A half-hearted return to source

According to its website, the third edition of the Lagos Black
Heritage Festival (with the theme “Memory and Performance in the Return to Source”)
was conceived to “broaden and deepen the linkage between the African continent
and its Diaspora… through a focus on the lives and works of three eminent
representatives of, and close collaborators in this racial mission, all three
now ancestral figures: Aime Cesaire, Alioune Diop and Leopold Sedar Senghor.”

With this in mind, any guest at the Festival concert, which held
on the evening of Thursday, April 8, on the grounds of Oceanview Restaurant in
Victoria Island would be forgiven for arriving with outsized expectations.

Black Heritage Idols?

When I walked into the concert tent at 9.30pm, one and half
hours after the show was supposed to have started, it was devoid of seats, and
only a handful of people loitered around, a good number of them technicians.
Onstage guitarist Bez Idakula was doing a sound check. There was nothing – not
in the dismal pre-concert publicity, or in the venue’s half-hearted lighting,
or in the manner in which guests trickled in – to hint that a grand concert was
in the offing.

The show eventually kicked off at 10pm. Bez was the first act,
his performance punctuated by complaints (from him) that he couldn’t hear his
guitar onstage. After enduring the next two performances by unknown hip-hop
acts I was left wondering if this wasn’t actually an audition for a ‘Black
Heritage Idols’. One of the acts dished out lines like “Omo you dey high me /
let’s go to Miami” – totally lost on him was the irony of a “let’s go to Miami”
call in a Festival celebrating “the Return to Source.”
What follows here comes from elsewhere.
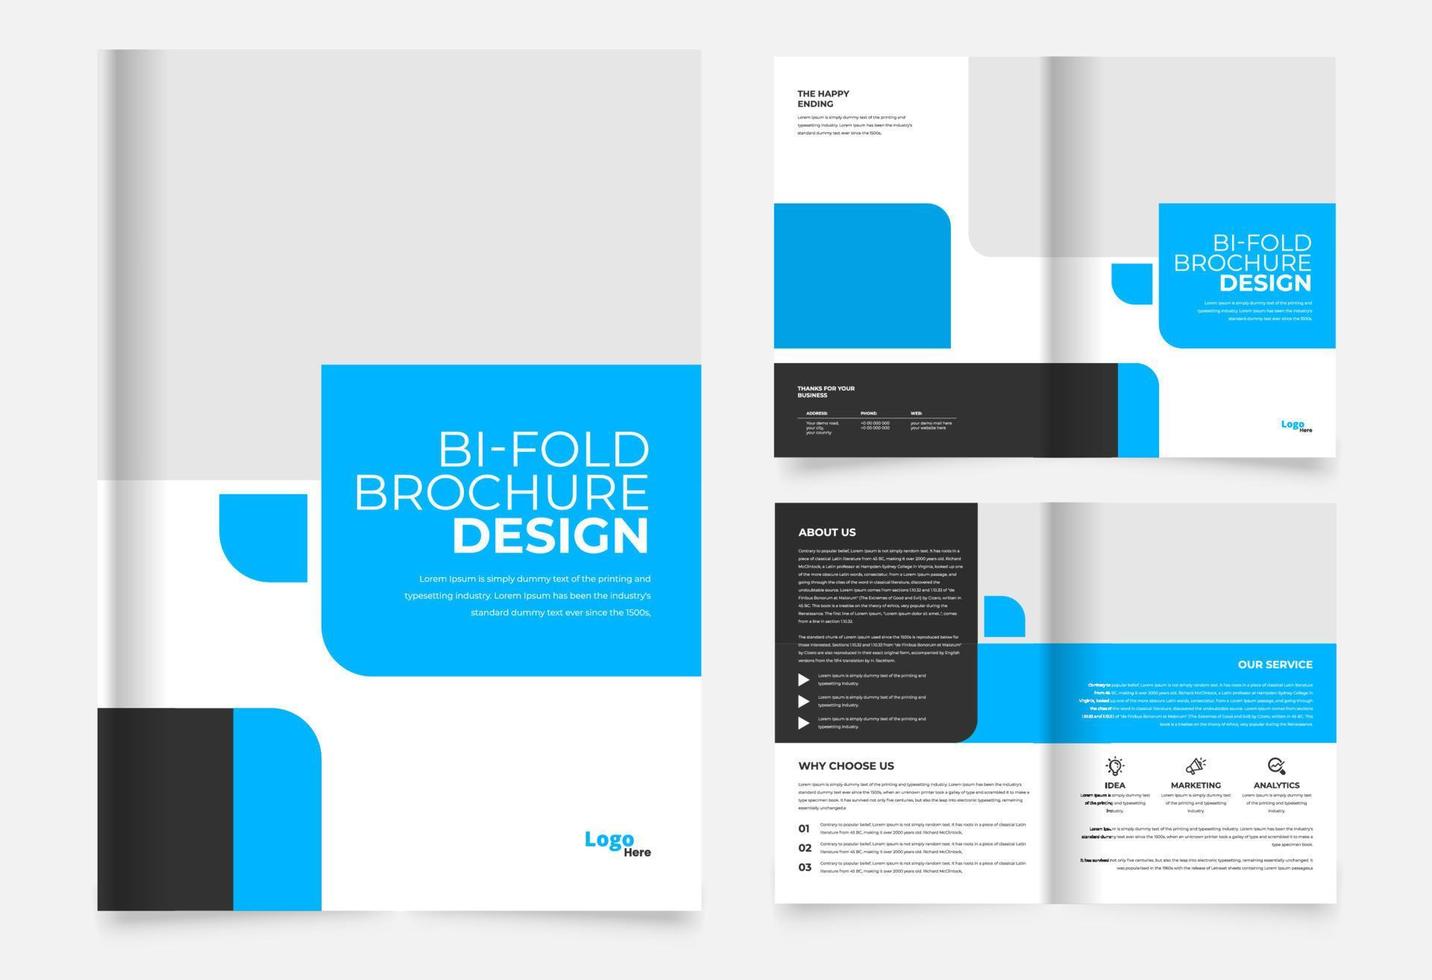 creative professional abstract business brochure design template vector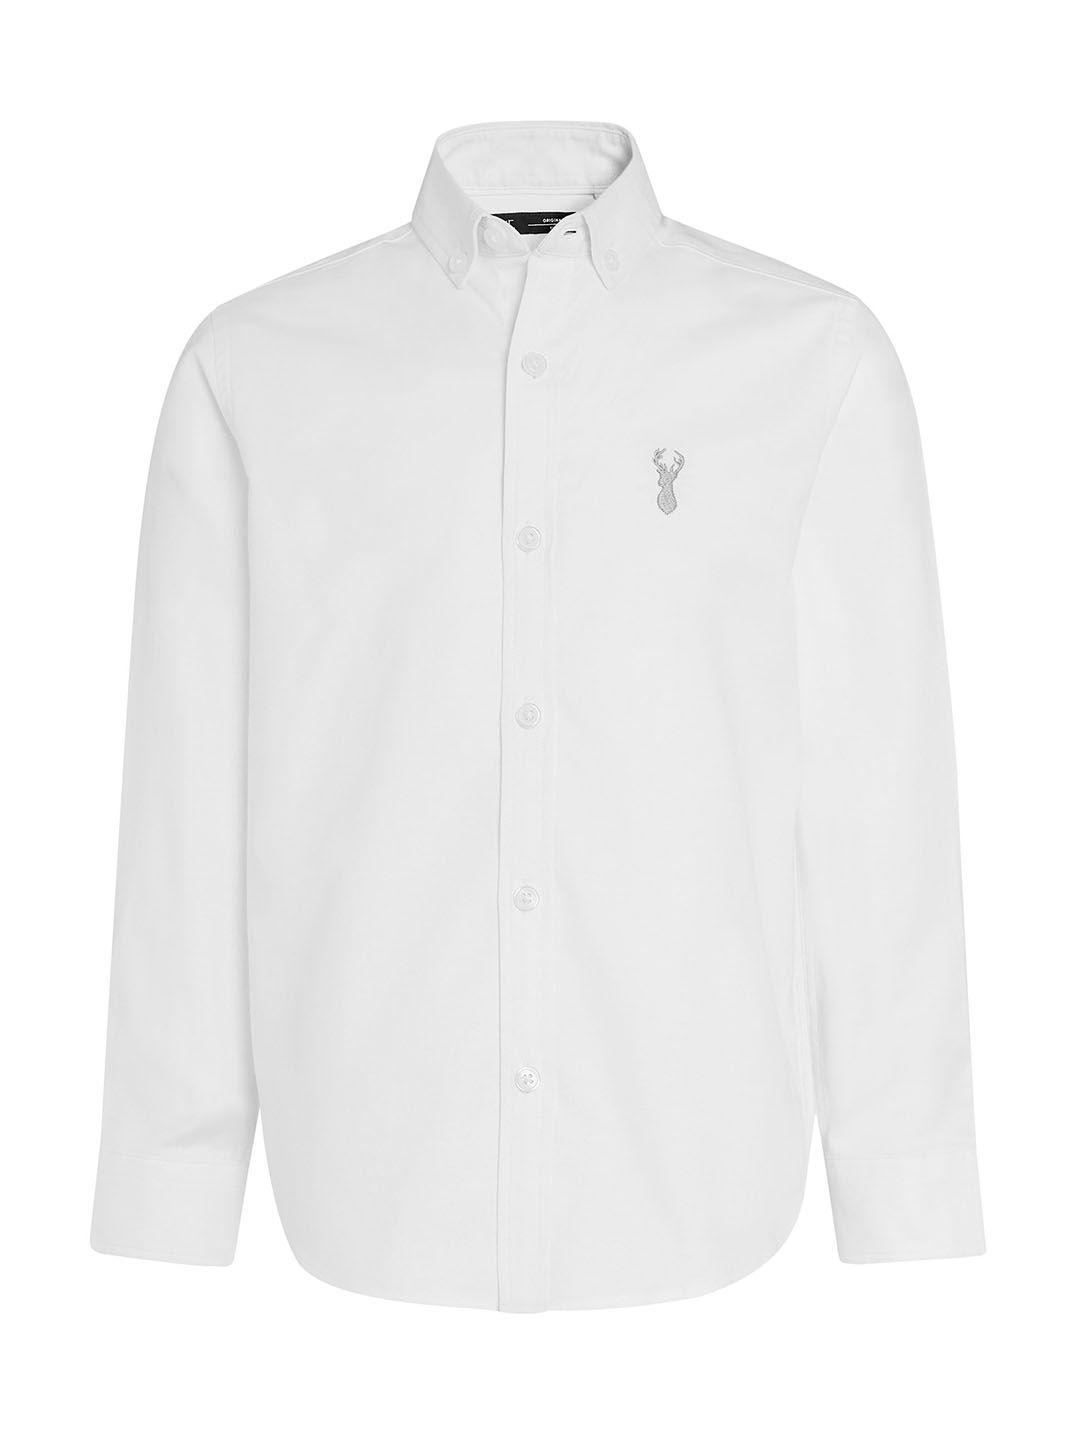 NEXT Boys White Regular Fit Solid Casual Shirt

The next set of performances featured Jazzman Olofin, Kenny
Saint Brown and Zaaki Adzay, for me an invitation to wonder if the show wasn’t
after all a Career Resuscitation gig. (By the way, one of Olofin’s offerings
was a love song in which he crooned: “Omo o fly like helicopter… you can be my
bread let me be your toaster… I’m Jay Z will you be my Beyonce…”)

Fela on trumpet, but
without the girls

The Lagos State Governor, Babatunde Fashola walked in during Olofin’s
performance. Flutist and former PMAN President Tee Mac Itsueli mounted the
stage next. Only then, to be honest, did it seem that the festival had
commenced.

After Itsueli came the masked one, Lagbaja. As his band
assembled on stage, the talking drummer launched into a passionate intro.
Behind me someone screamed a praise name: “Omo Baba muko muko!” The
sax-clutching Lagbaja emerged from the rear of the hall, sending the crowd into
a frenzy. But he did only one full-length performance (“Never Far Away”) before
leaving the stage. Expectedly, the audience roared in displeasure; they wanted
a lot more.

At midnight, Hugh Masekela came onstage, to (in his own words)
“pay tribute to [two] great musicians from Nigeria; Orlando Julius and Fela
Kuti.” In a white buba and black trousers, trumpet in hand, his nimble energy
belied his 71 years. He recounted his first visit to Nigeria, in 1972. It was
around that time that he first met Fela, who would become an enduring
influence. Effortlessly he brought “Lady”, a Fela classic, to life. I summed up
the performance as “Fela on trumpet, but without the girls.” Masekela then
played a 1973 Orlando Julius song, ‘Mura Sise’. Admonishing the audience to
dance (“Make we stand up I beg you!”), he joked: “Some of us have had too much
iyan today and egusi; some of us don quaff some Star today…”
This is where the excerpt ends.